Анна Алексеевна лежала в своей кроватке, пускала пузыри и совсем не интересовалась историей своего появления на свет. Ее внимание привлекали совсем другие вещи. Ну, например, погремушка. Повесили ее над кроваткой и ушли. А если за эту погремушку зацепиться, потянуть к себе, а потом отпустить, то получается так много шума, что все сразу обращают на это внимание. Анечке нравилось быть в центре внимания, поэтому она старалась чаще плакать среди ночи и тащить в свой маленький розовый ротик все, что попадалось под руку. Тогда взрослые бросали свои дела и бежали к ней, а она, довольная, лукаво поглядывала на них карими глазками и улыбалась.
– Ну и хитрунья. И в кого только уродилась такая хитрунья? – приговаривала баба Настя, грузно переминаясь возле долгожданной правнучки.
Появлению Ани радовалось все семейство. Она подрастала, окруженная заботой и лаской, а Таня думала о том, как жить дальше.
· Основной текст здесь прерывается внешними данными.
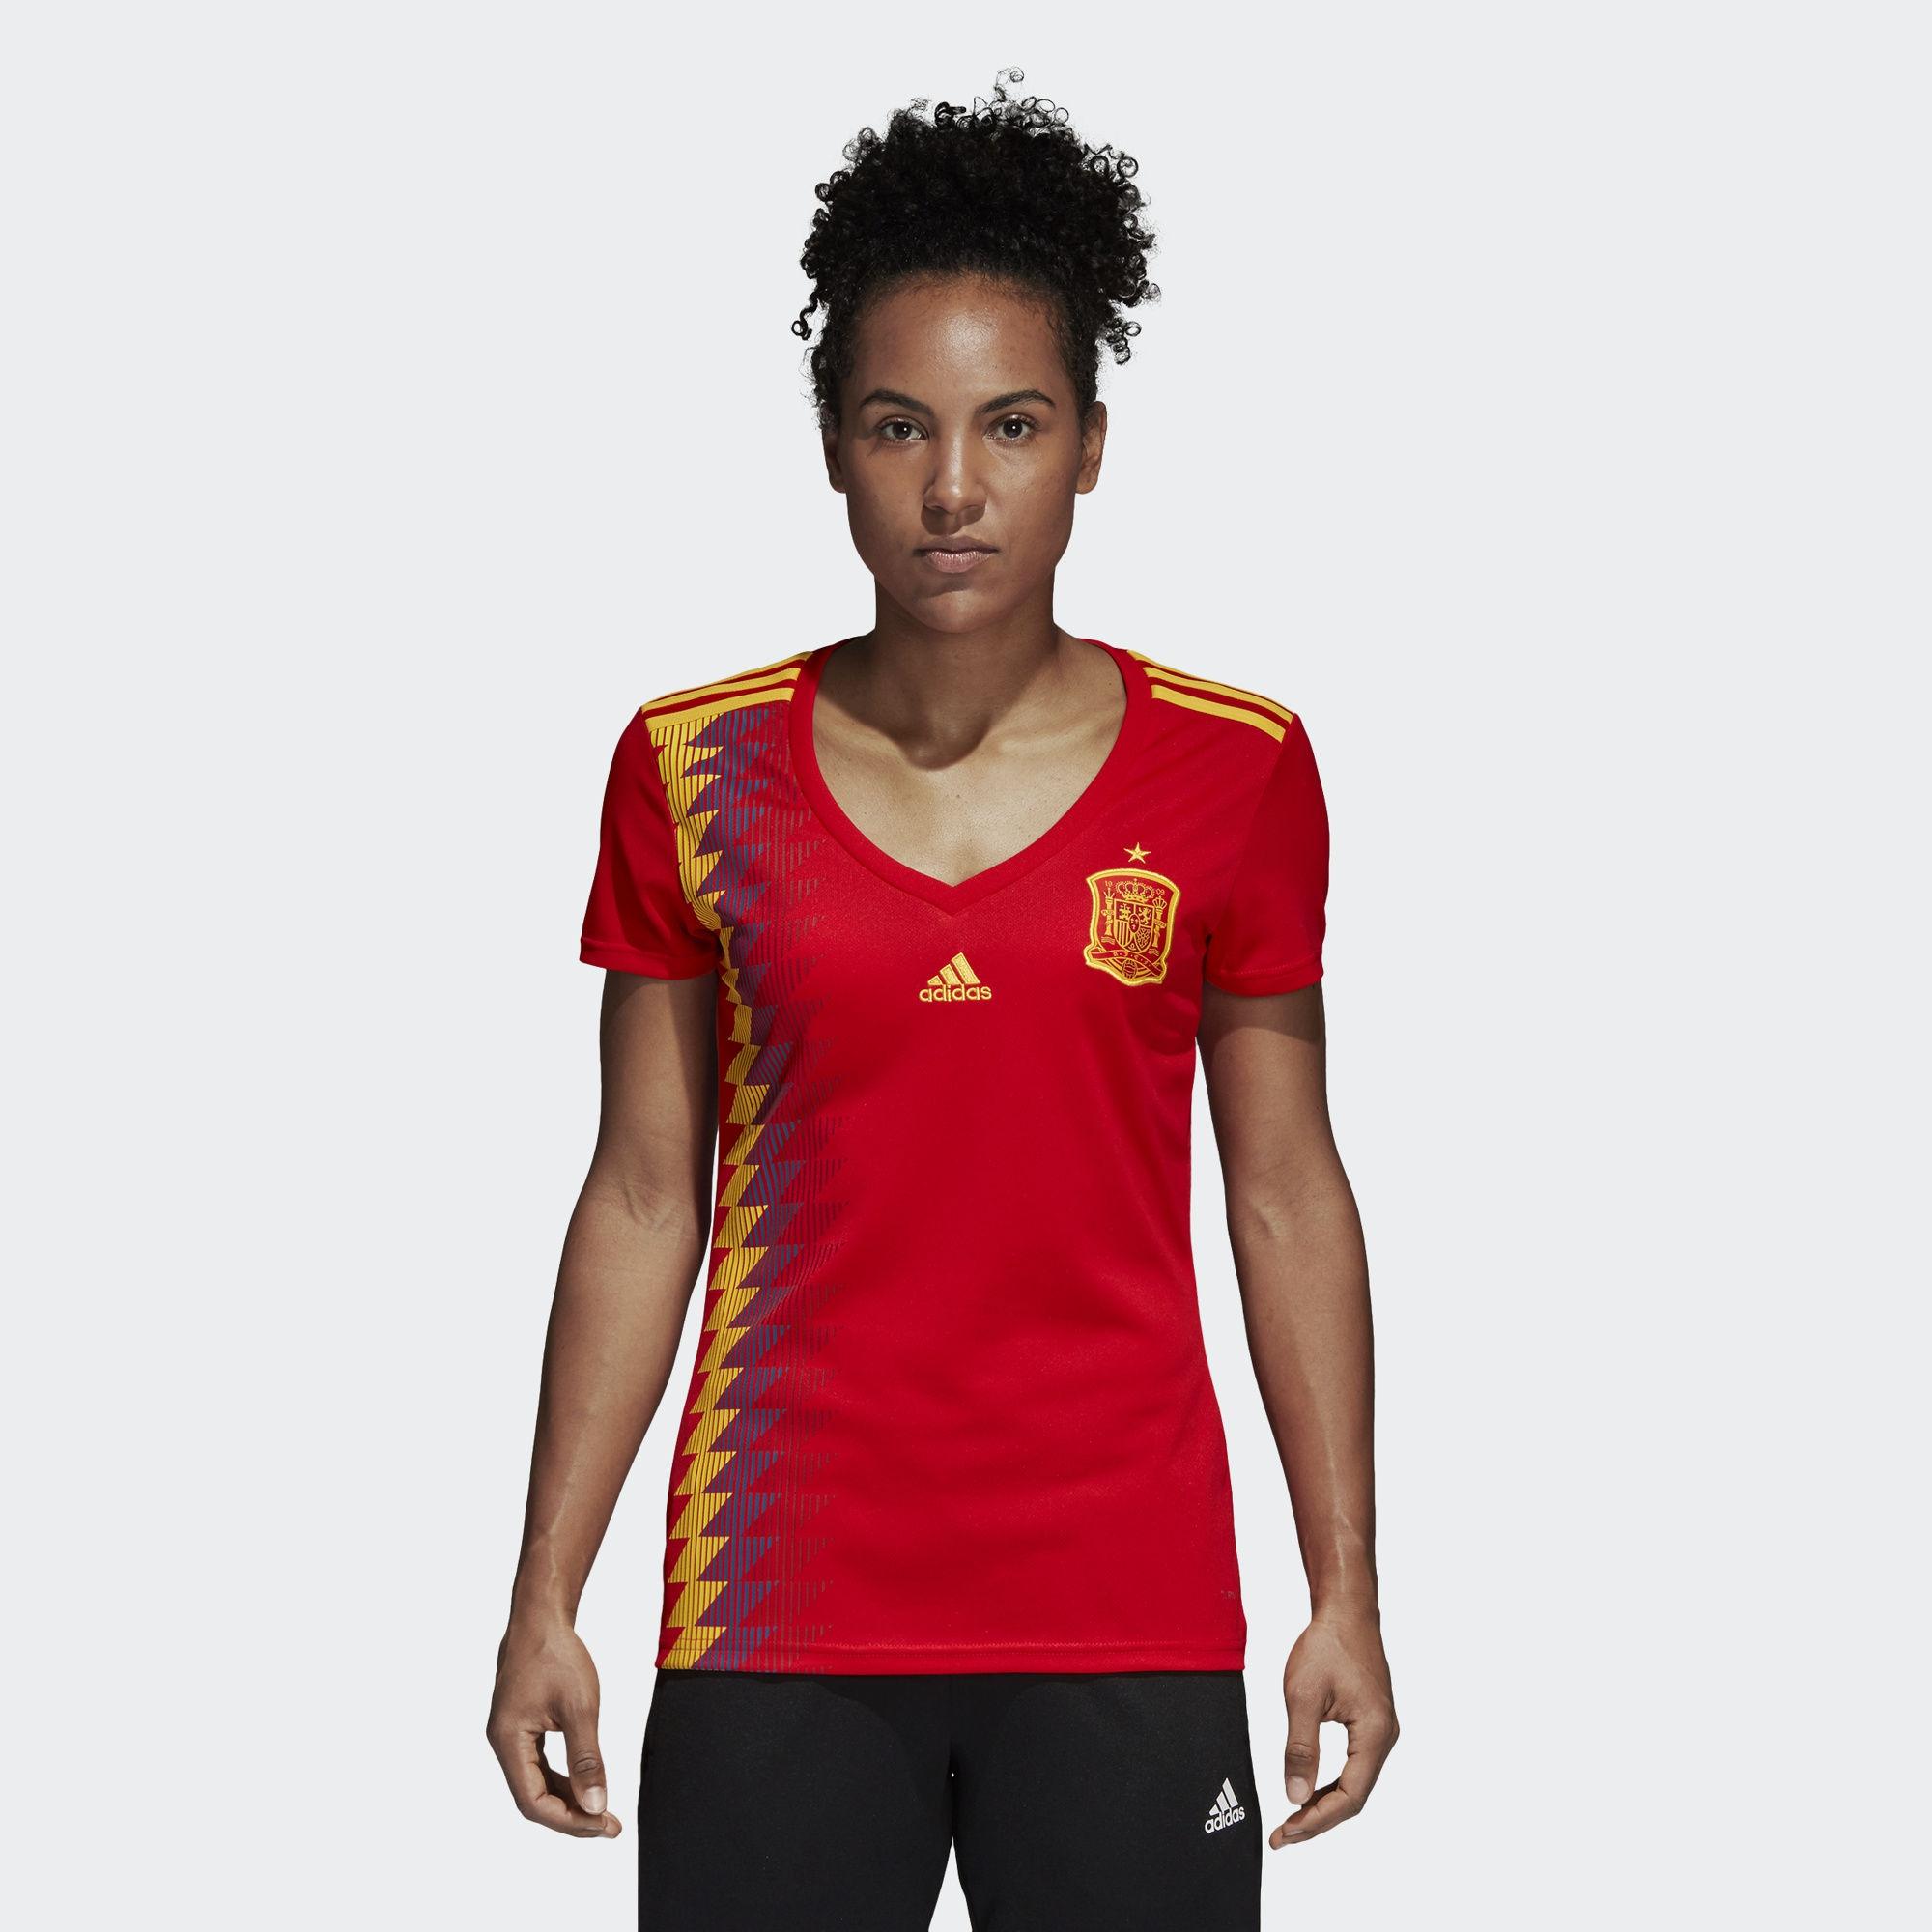 finest selection c0f0b a9bb6 Jersey - Women Spain Home World Cup Official 2018 Jersey Football Jersey  Onlin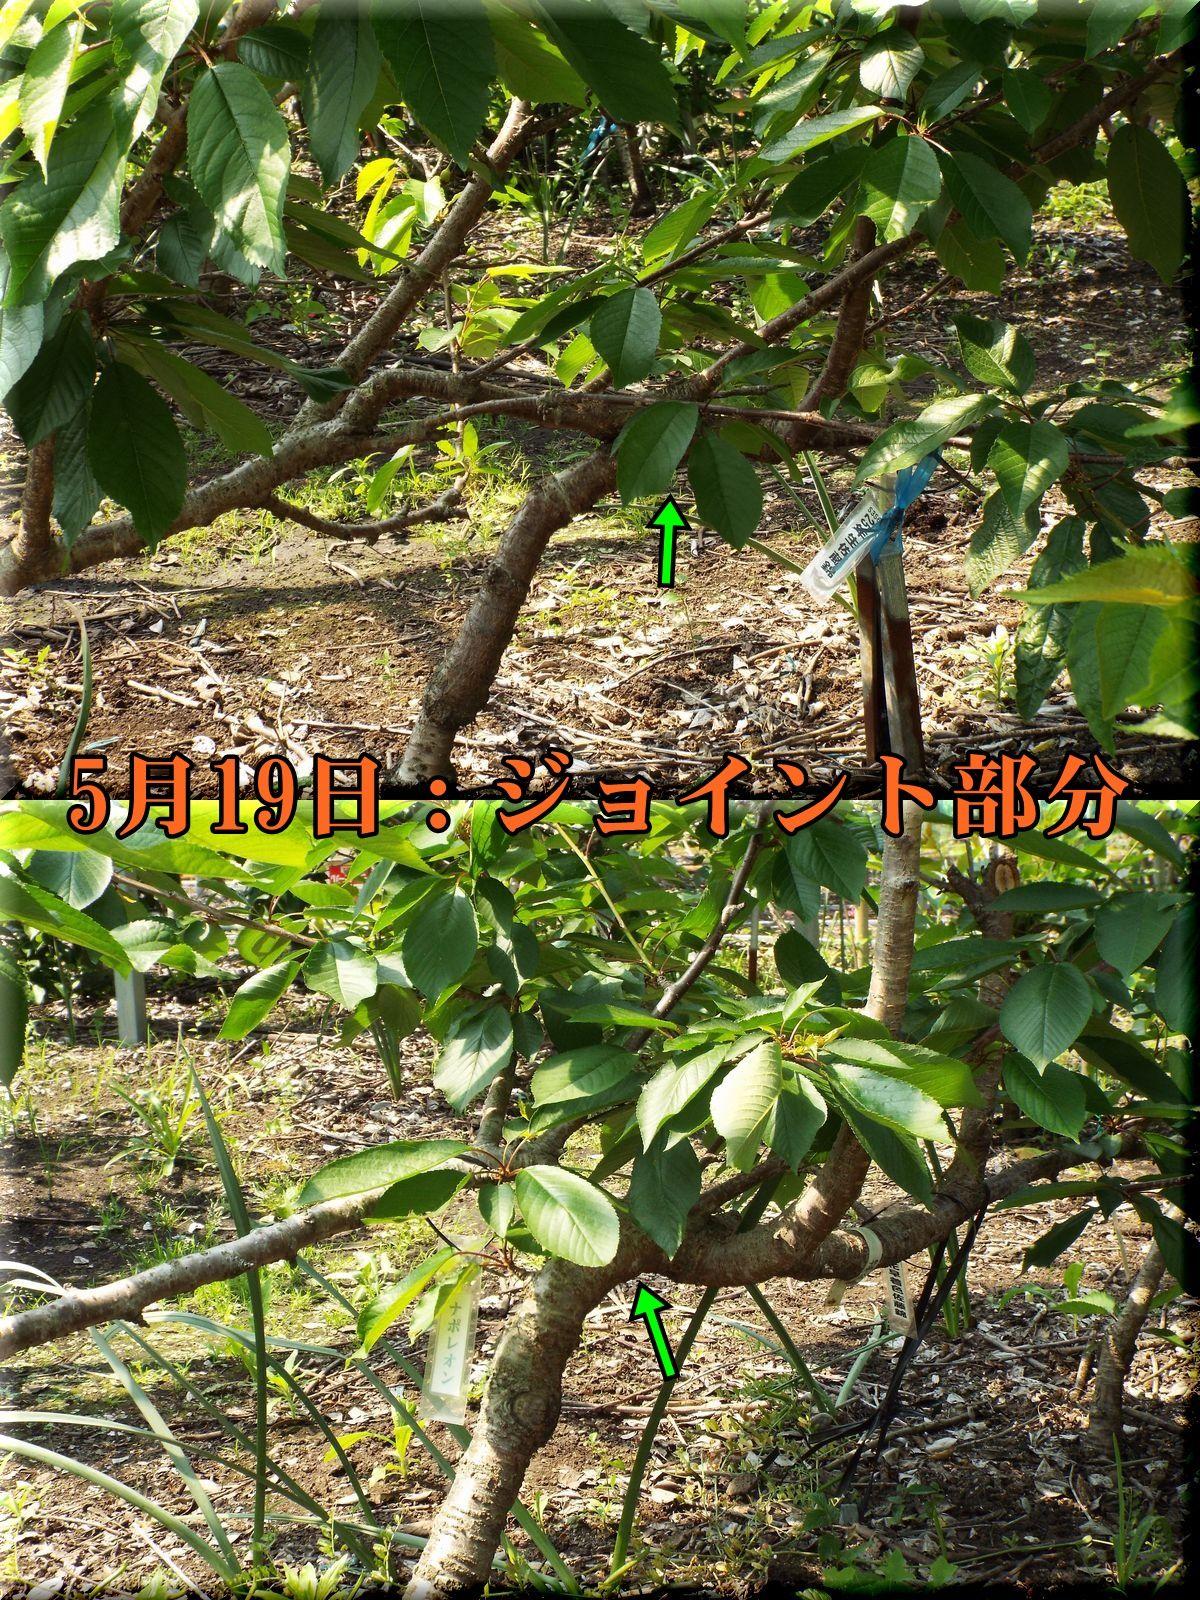 1_H2_joint160519_022.jpg

Надо было устраиваться на работу, но вряд ли можно было надеяться на то, что кто-нибудь доверит ей воспитание детей в школе. На всякий случай она предприняла одну попытку, сходив в соседнюю школу. Директор, темпераментная женщина с обостренно-нервной реакцией на все происходящее, изучив Танины документы, отрицательно покачала головой.
– Не могу вас взять. Дело не в том, что вы за границей были, сейчас уже не те времена. Вы слишком давно закончили институт. И ни дня не работали по специальности. Вам надо проходить квалификационную комиссию, чтобы подтвердить ваши знания на соответствие профессиональным требованиям.
Таня решила ничего не проходить, а начать свою жизнь с чистого листа.
– На завод пойду, – объявила она родителям.
– Сходи, конечно, но сомневаюсь я, что тебя с твоей анкетой туда допустят, – сказал отец.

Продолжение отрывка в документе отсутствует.